The problem: Print the listing below exactly, images excluded.

Material provided:
= Beginning of Section =
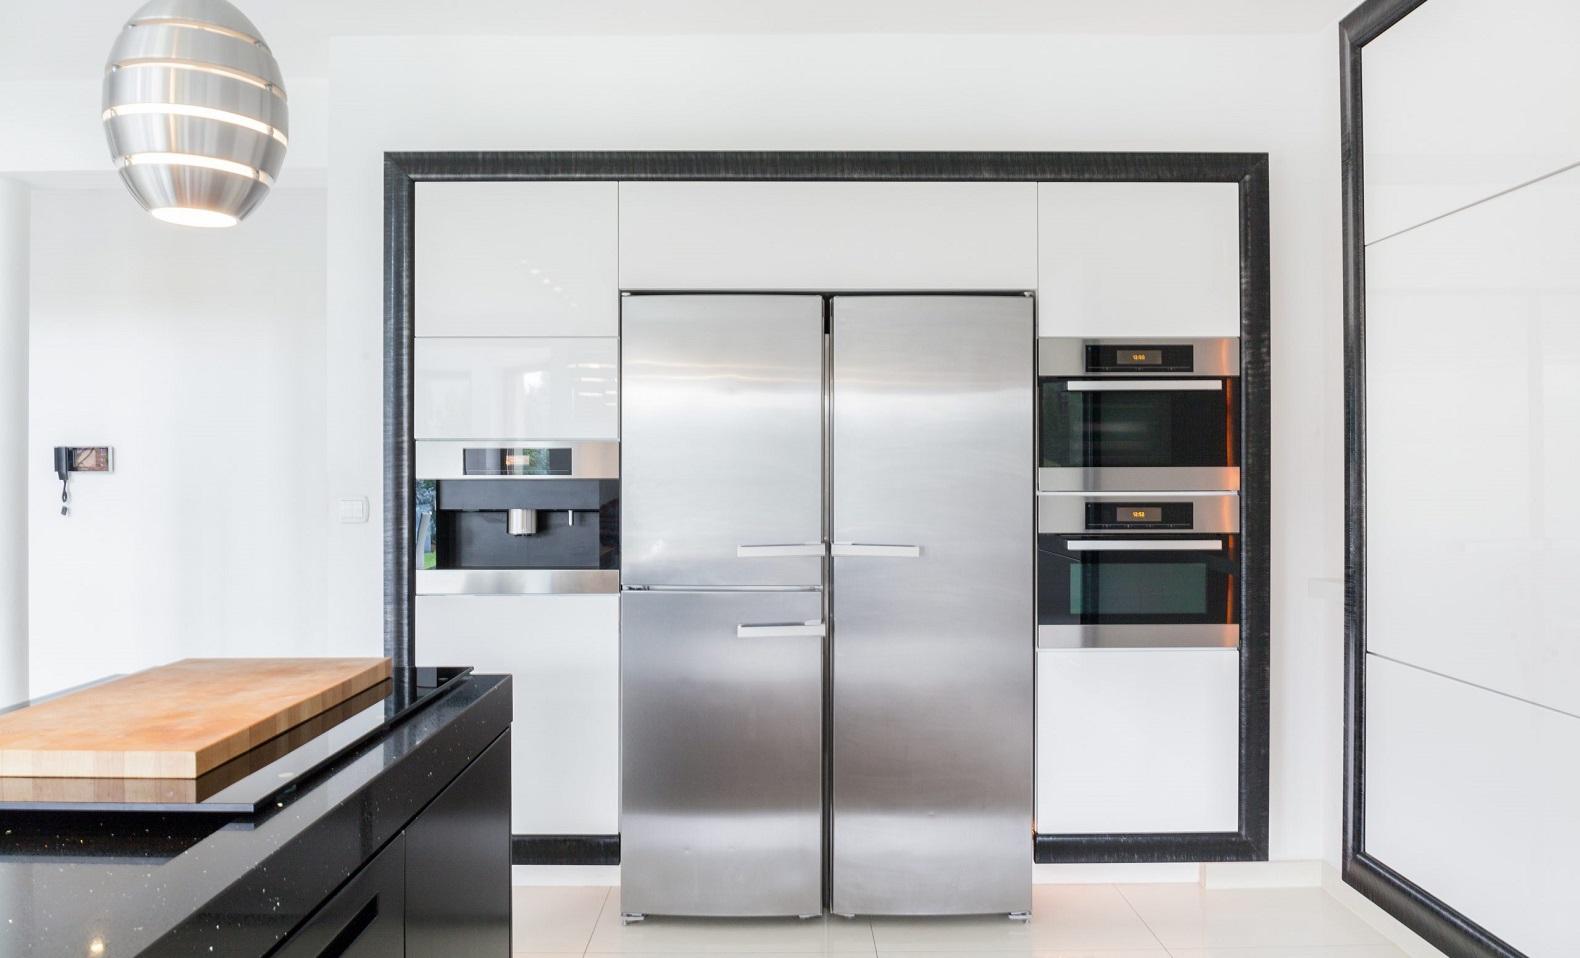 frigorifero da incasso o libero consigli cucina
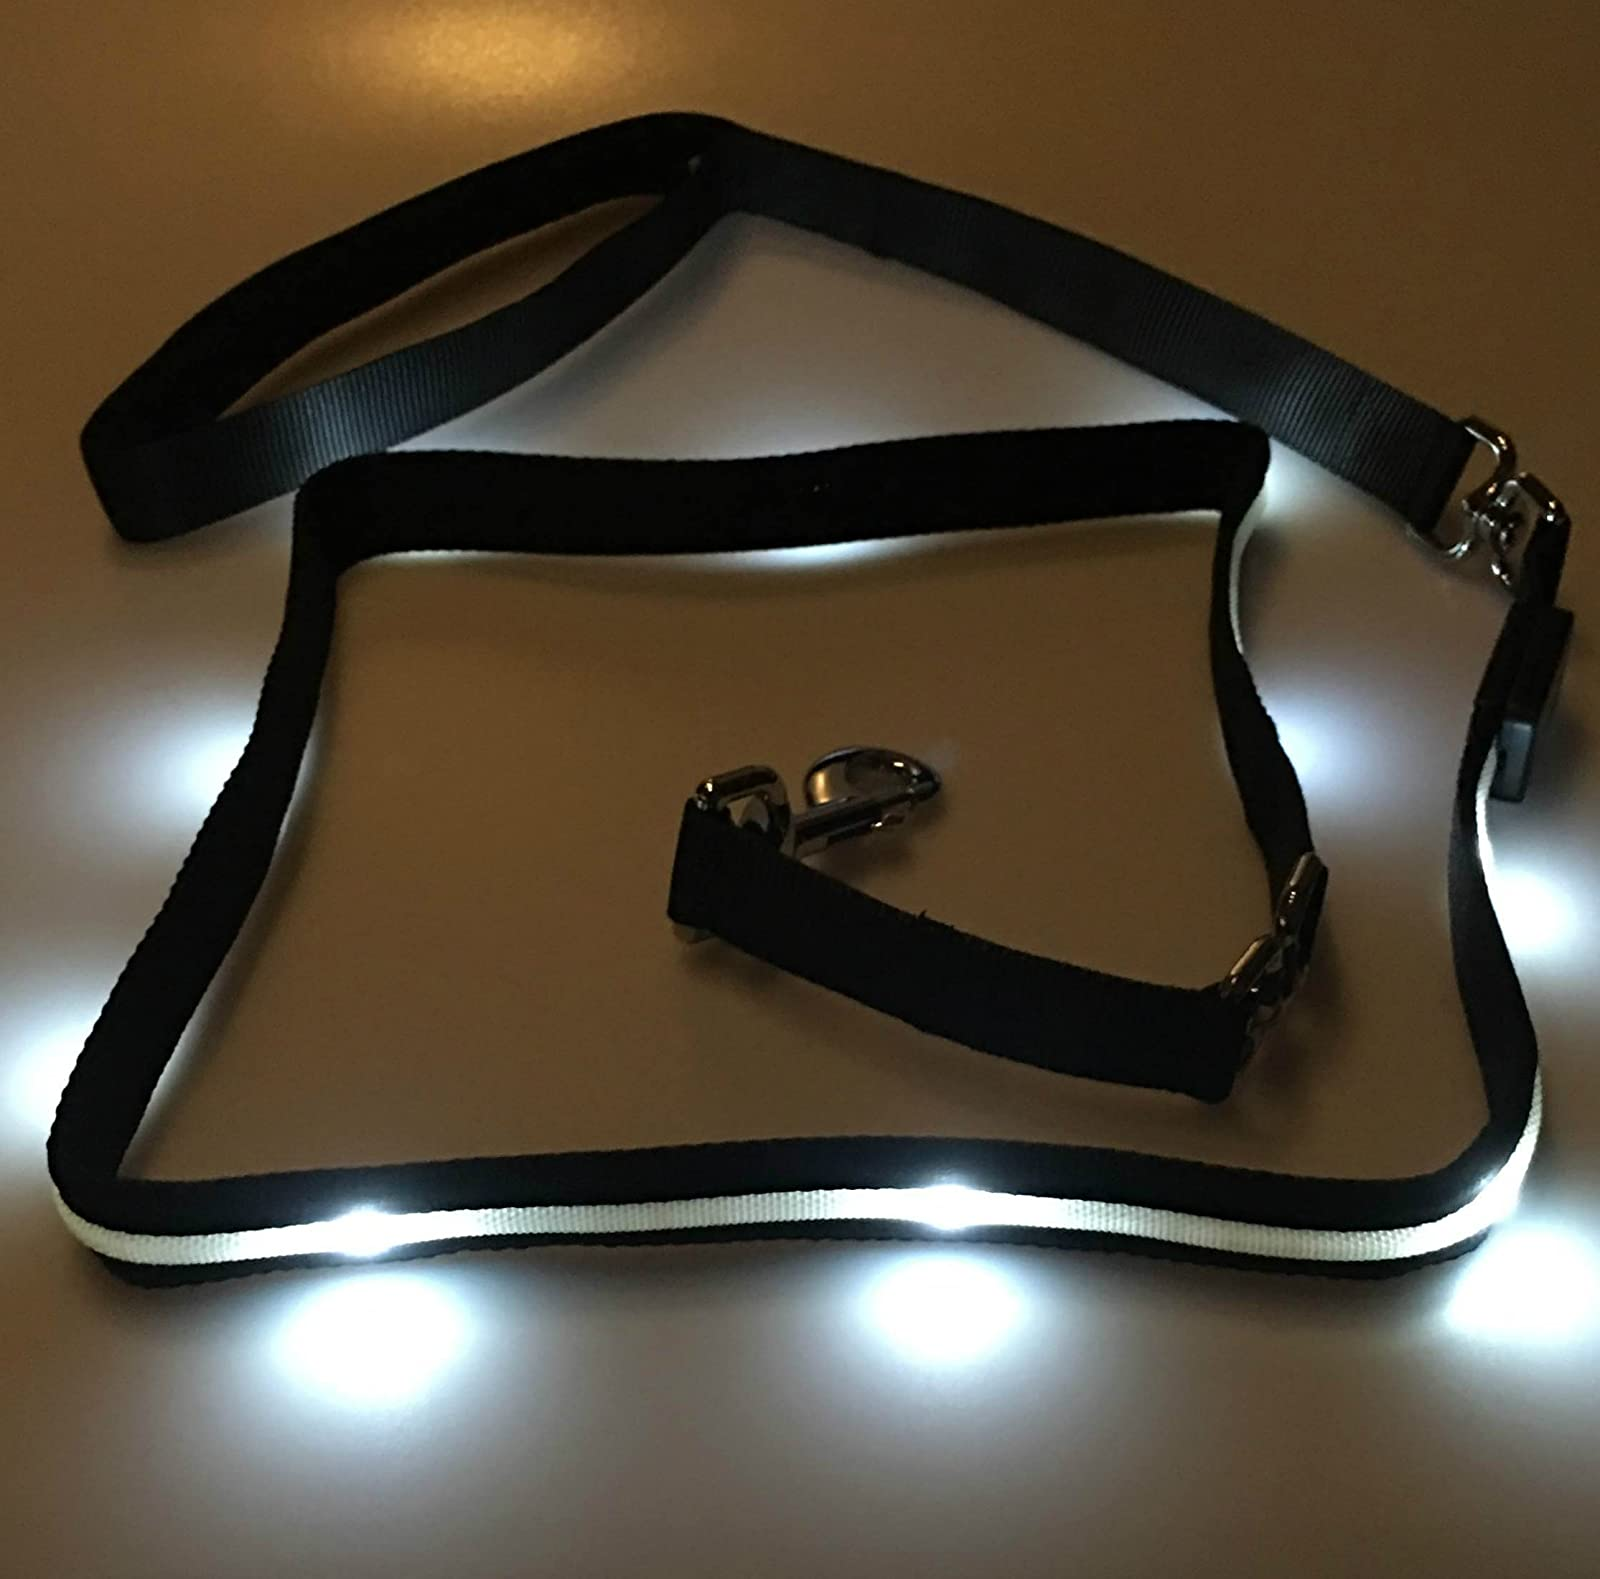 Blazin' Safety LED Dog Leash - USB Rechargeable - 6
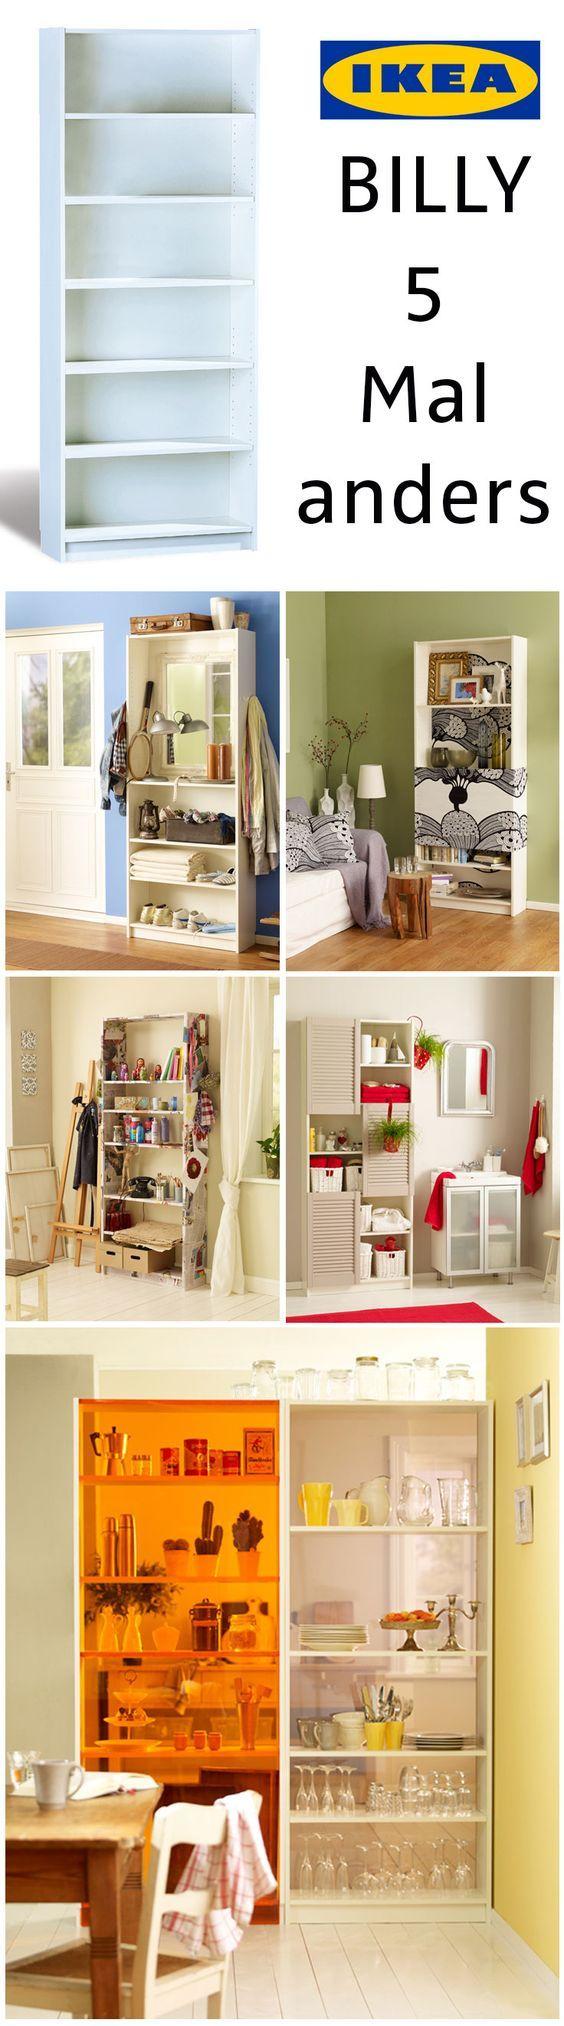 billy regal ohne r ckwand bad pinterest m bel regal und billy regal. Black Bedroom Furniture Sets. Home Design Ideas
= End of Section =
Reply:
 frigorifero da incasso o libero consigli cucina
 Blazin' Safety LED Dog Leash - USB Rechargeable - 6
 billy regal ohne r ckwand bad pinterest m bel regal und billy regal. Black Bedroom Furniture Sets. Home Design Ideas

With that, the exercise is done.